# TASK TO CARRY OUT
Reproduce the listing that follows character for character, excluding its pictures.

# DATA SEGMENT

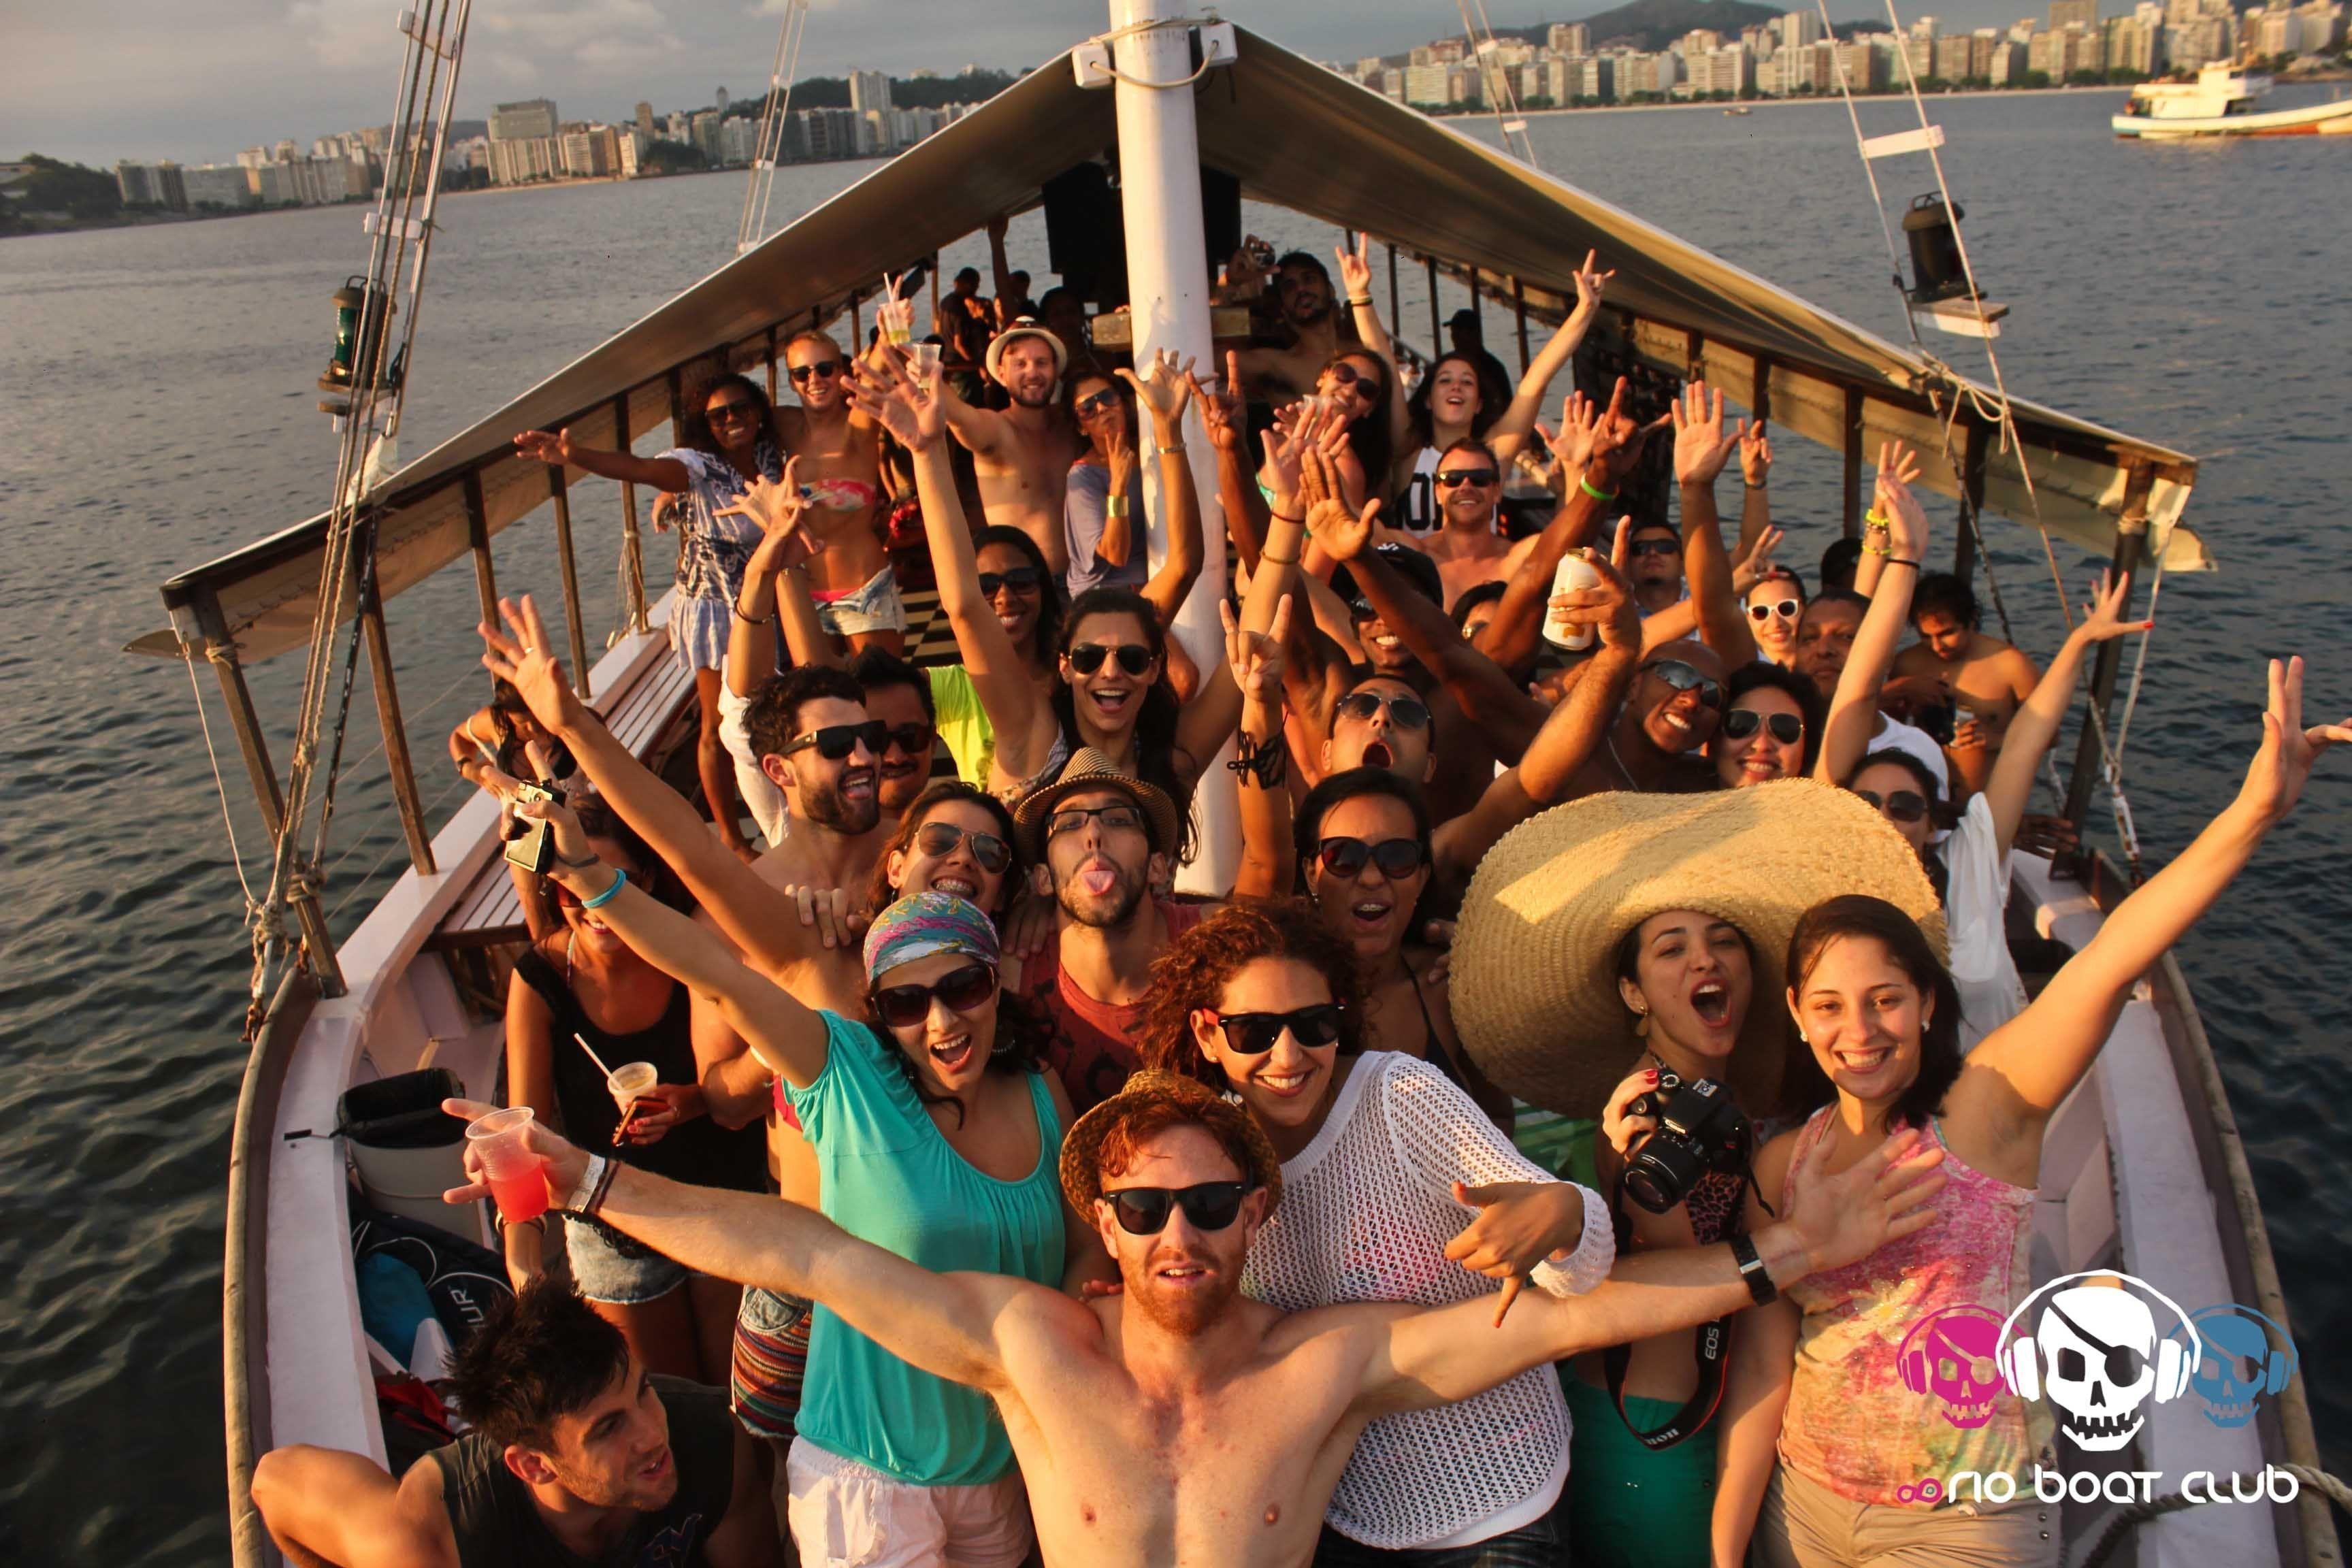 Sunset Boat Club
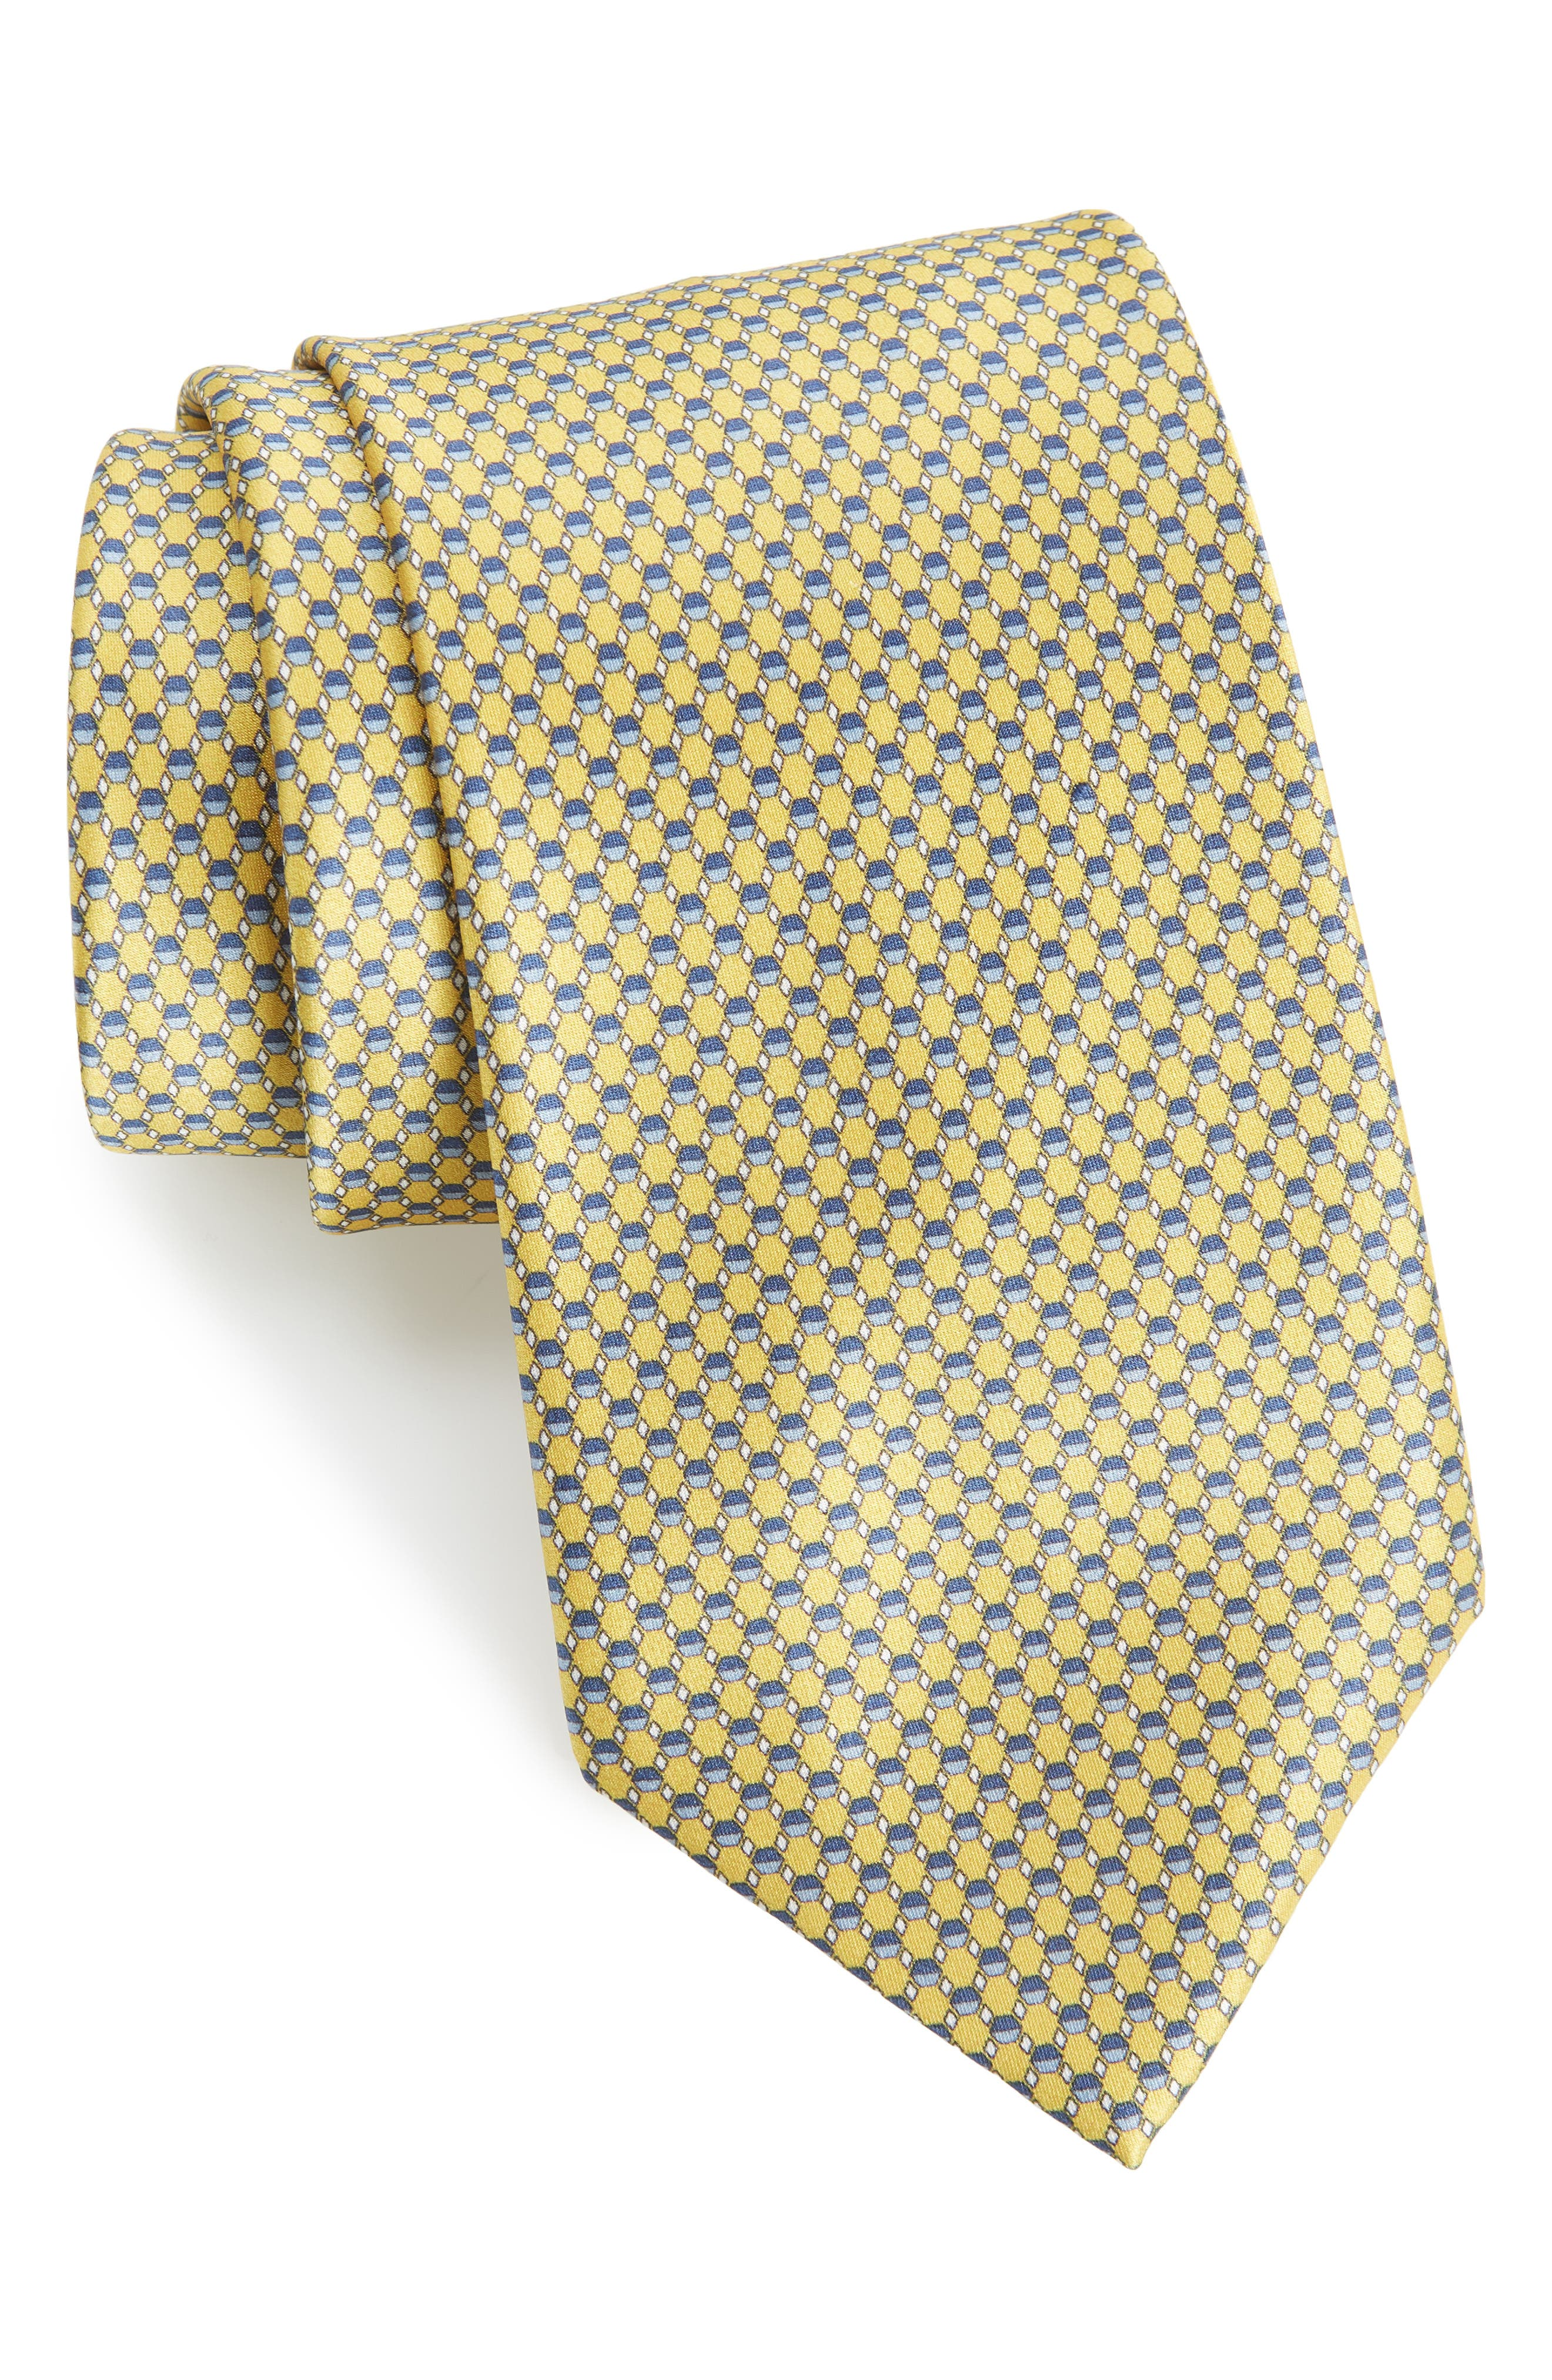 Geometric Silk Tie,                         Main,                         color, YELLOW/ BLUE
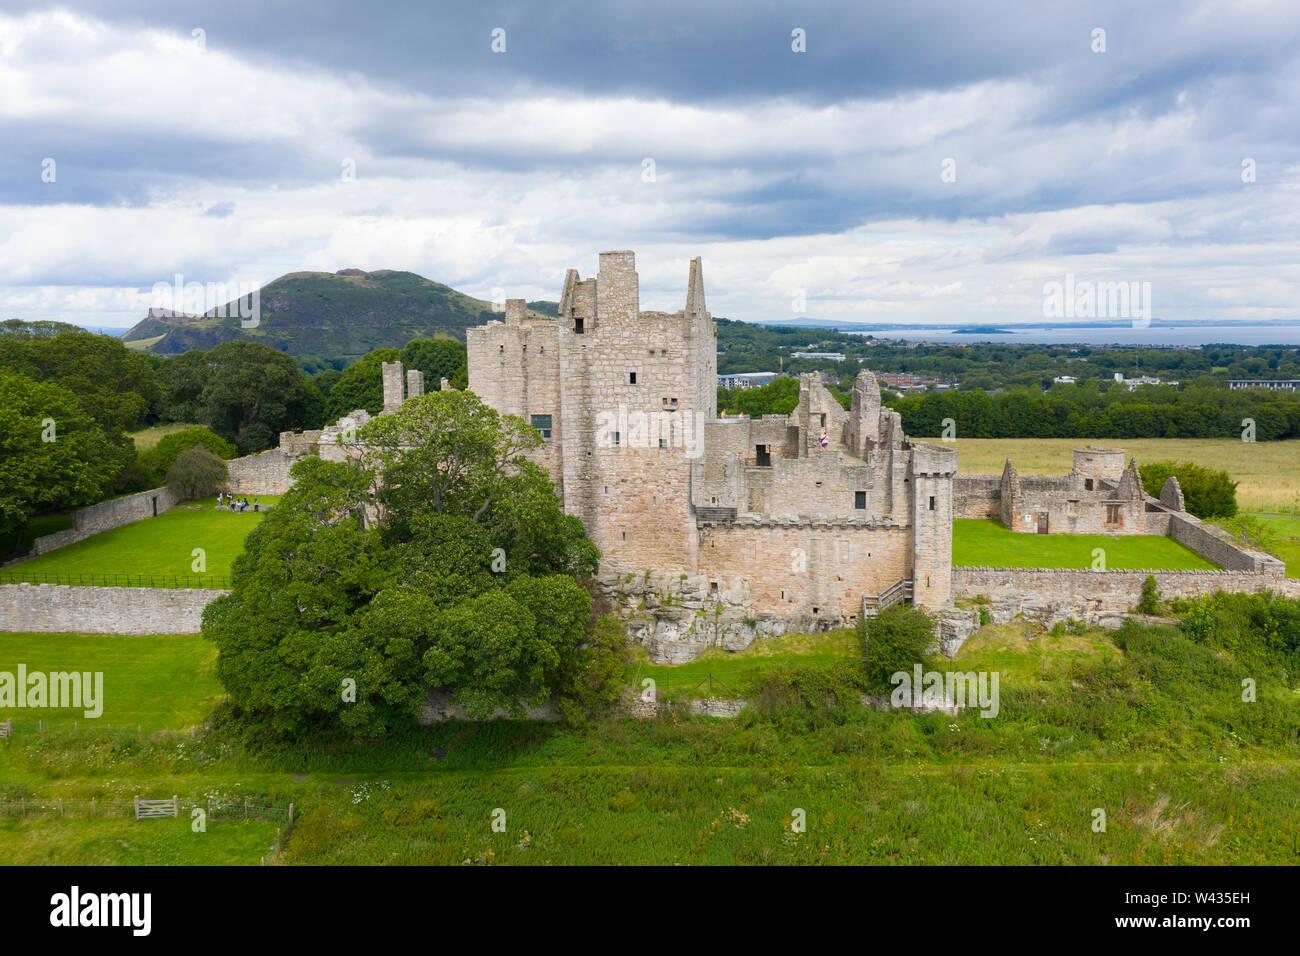 Elevated view of Craigmillar Castle in Edinburgh, Scotland UK. Stock Photo

# ANSWER
 Sunset Boat Club
 Geometric Silk Tie,                         Main,                         color, YELLOW/ BLUE
 Elevated view of Craigmillar Castle in Edinburgh, Scotland UK. Stock Photo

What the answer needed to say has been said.